● Assigned task:
Write the listing out again exactly as it stands, with no images.

● Available data:

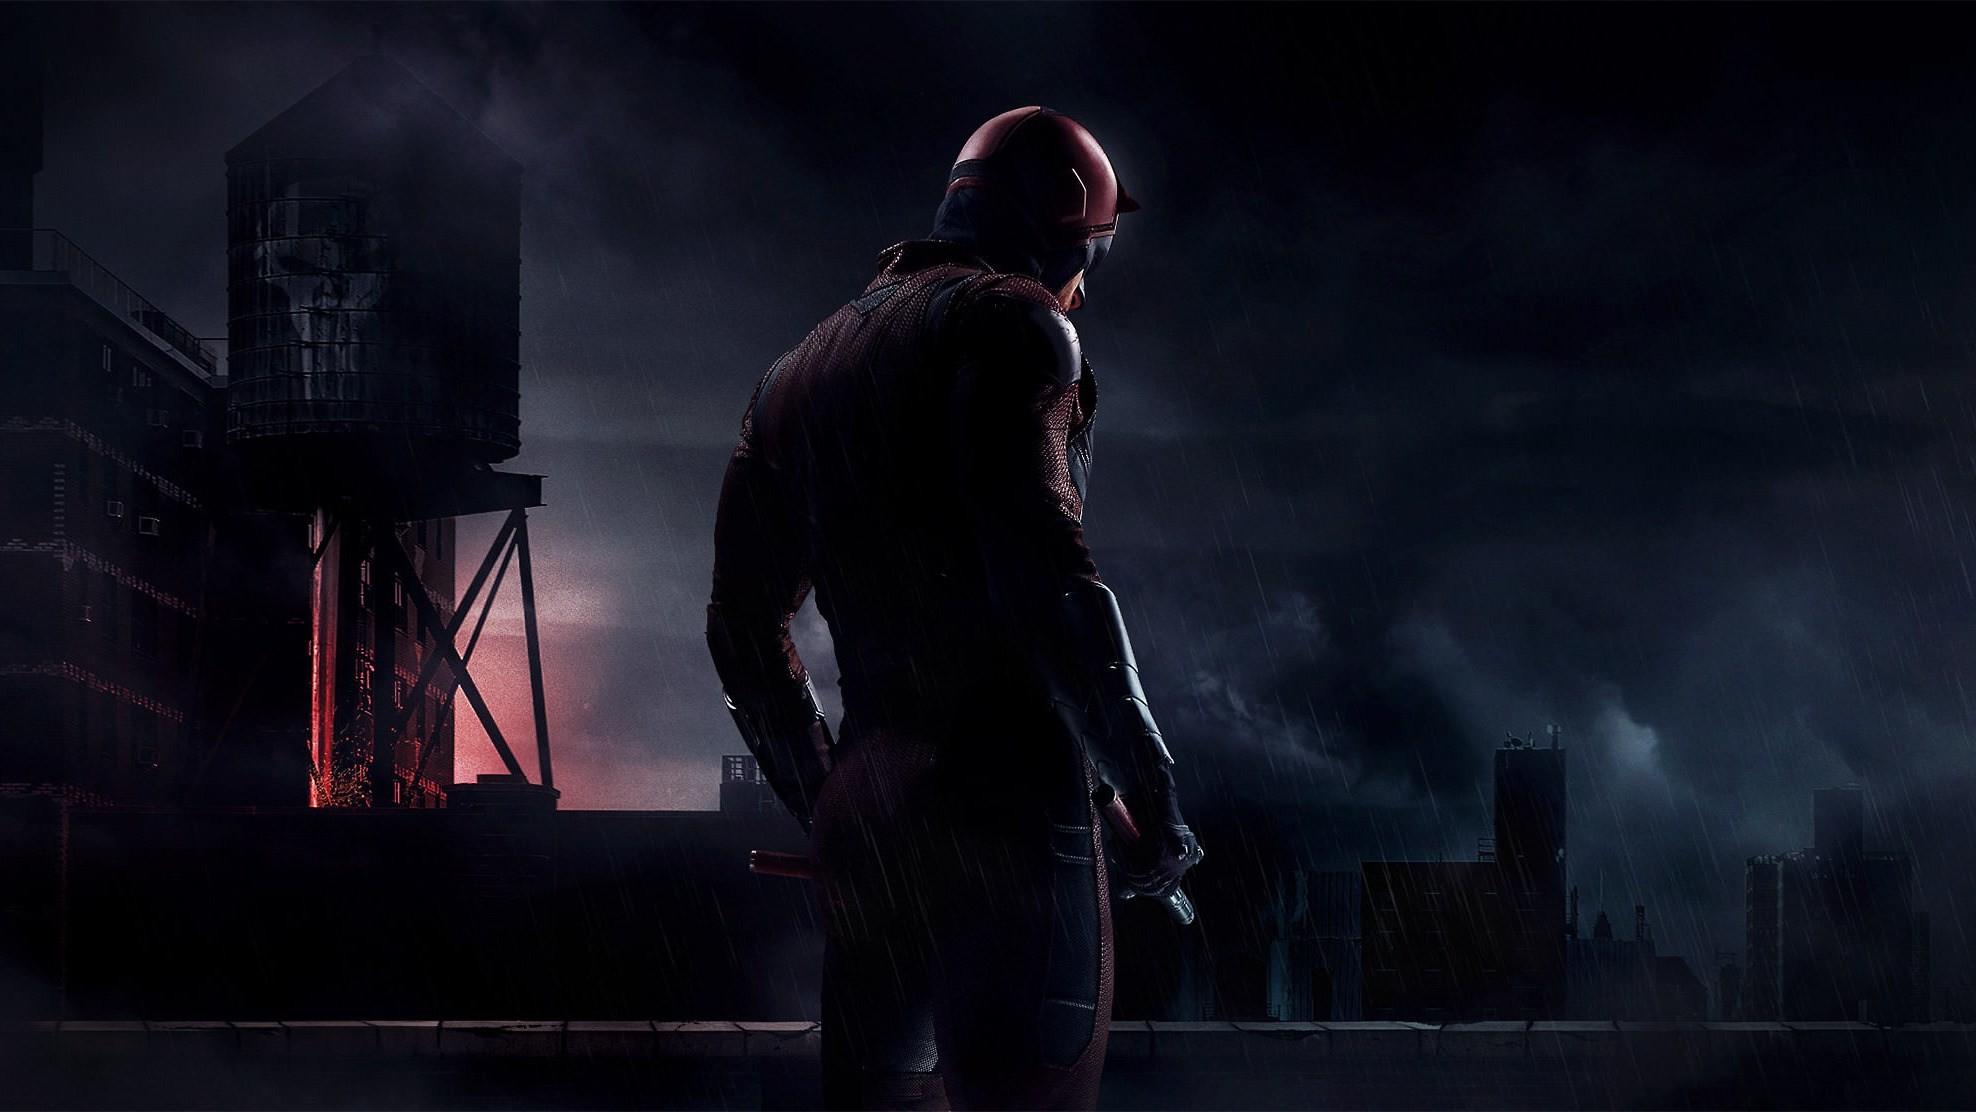 daredevil wallpaper hd  Netflix Daredevil HD Wallpaper (85  images)
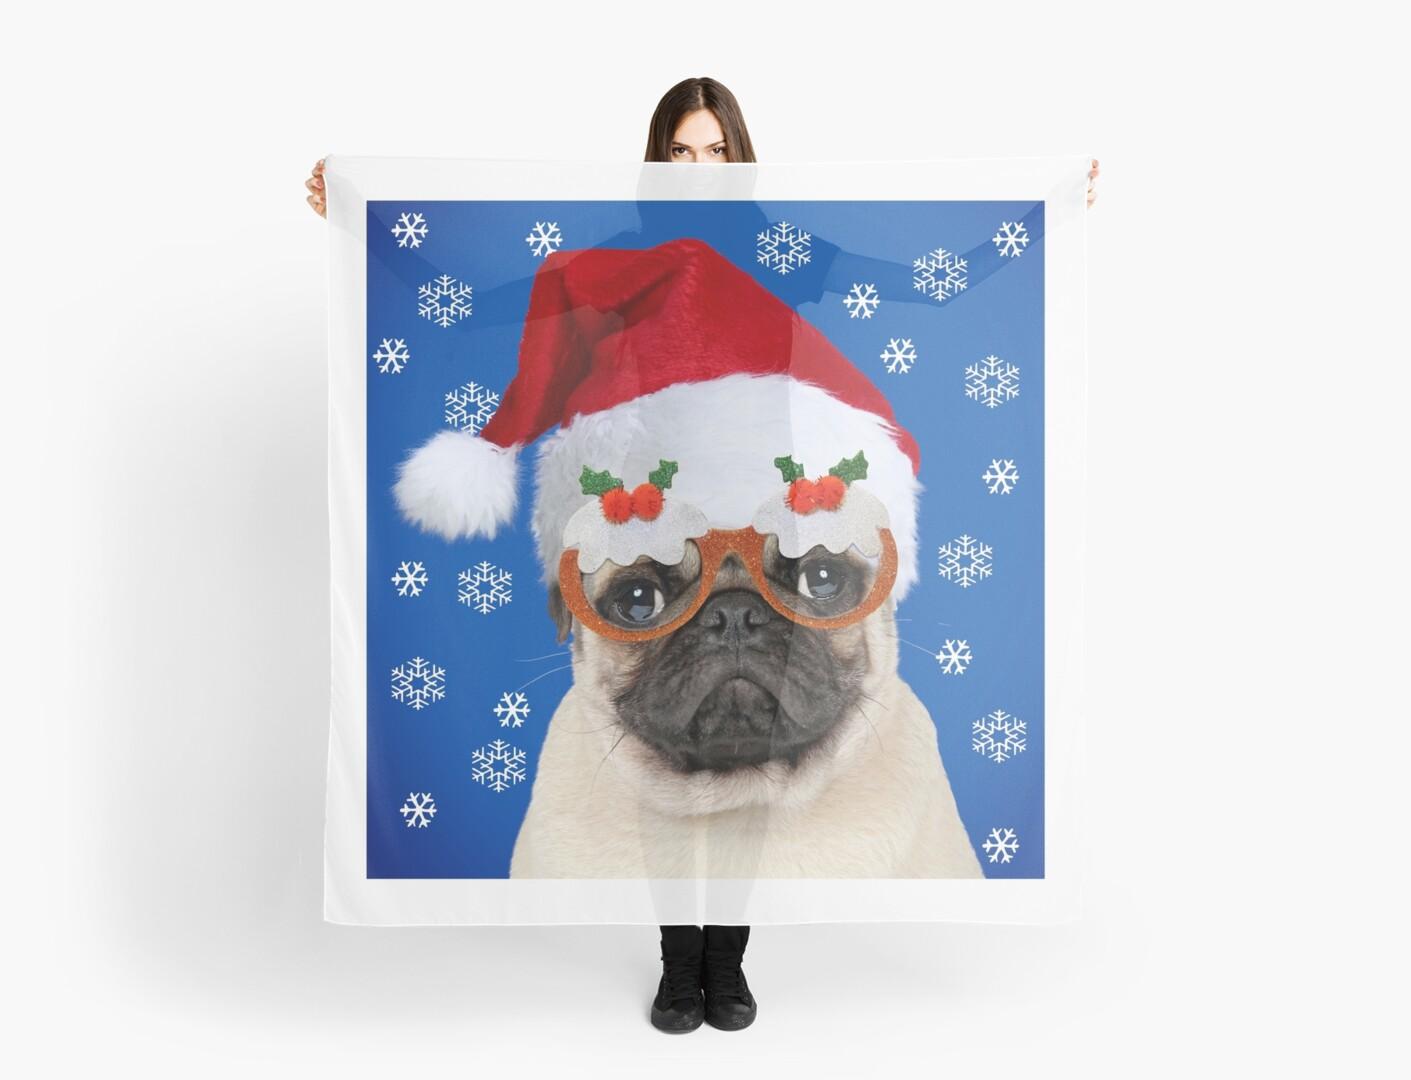 Pug dog wearing Christmas hat and glasses
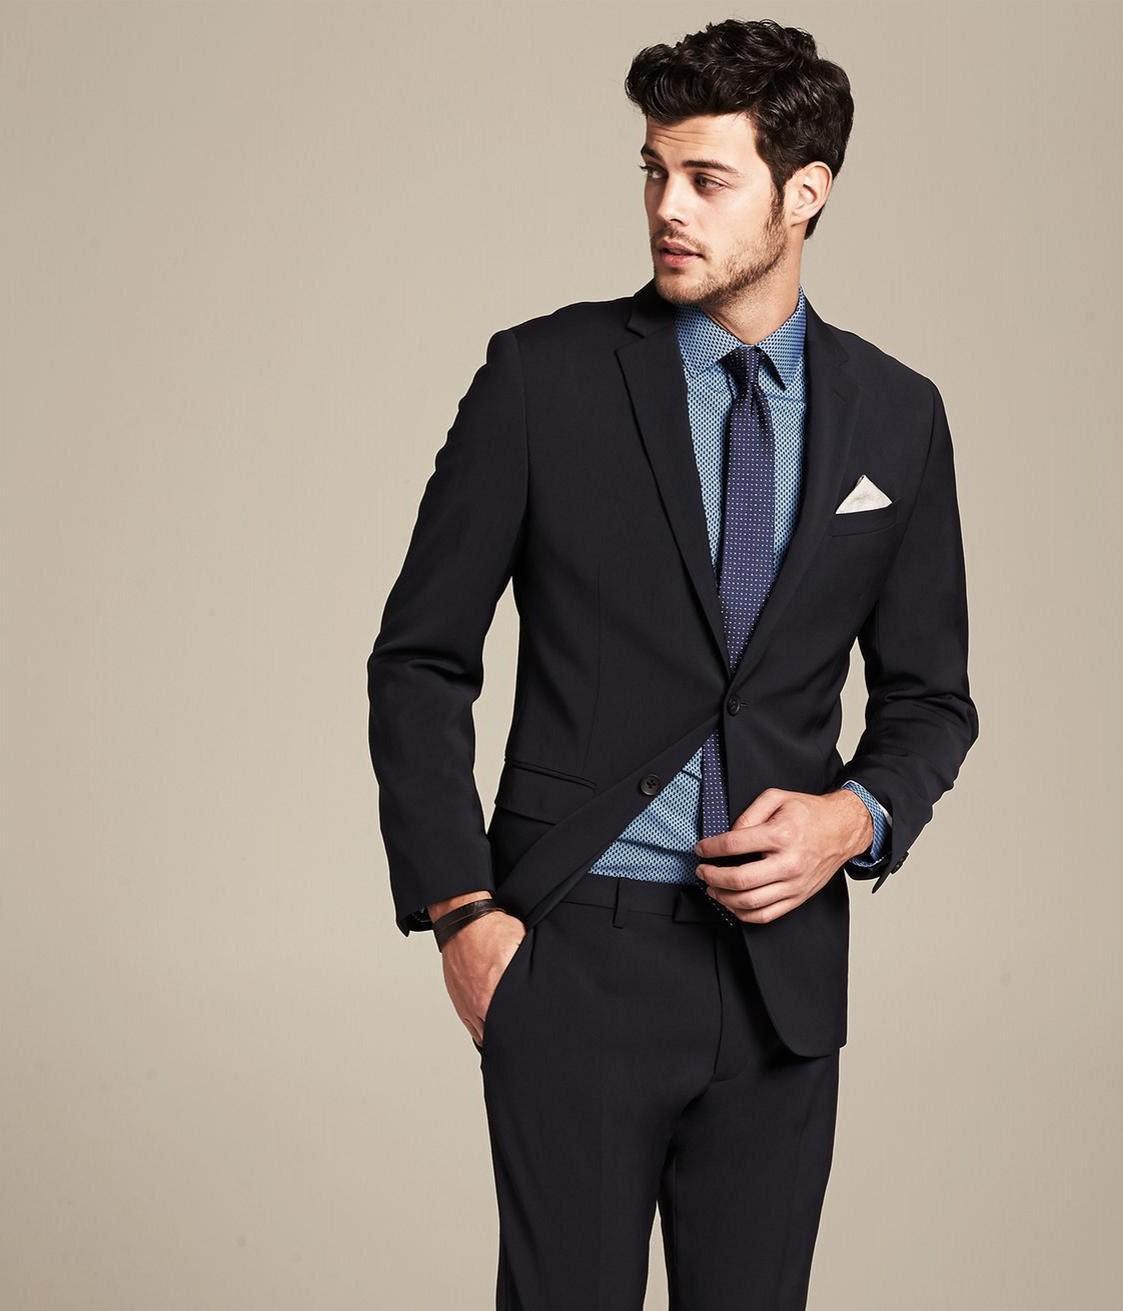 2015 new arrival suit black man pants formal wear for men
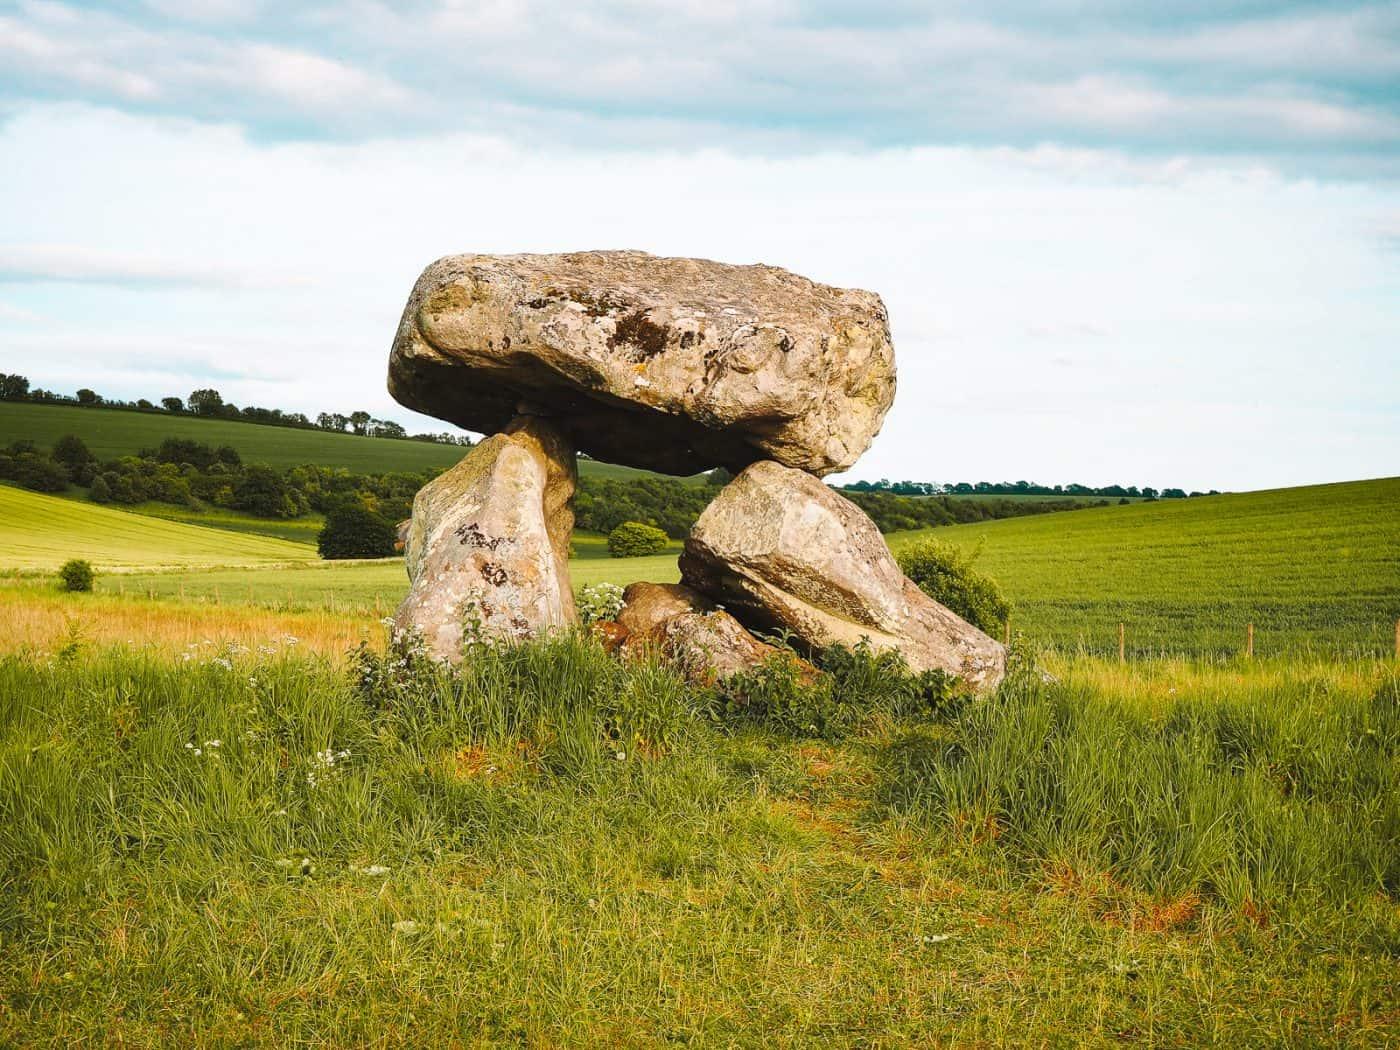 How to Find the Devil's Den on Fyfield Down Avebury dolmen chamber

● Completed exercise:
 daredevil wallpaper hd  Netflix Daredevil HD Wallpaper (85  images)
 Pug dog wearing Christmas hat and glasses
 2015 new arrival suit black man pants formal wear for men
 How to Find the Devil's Den on Fyfield Down Avebury dolmen chamber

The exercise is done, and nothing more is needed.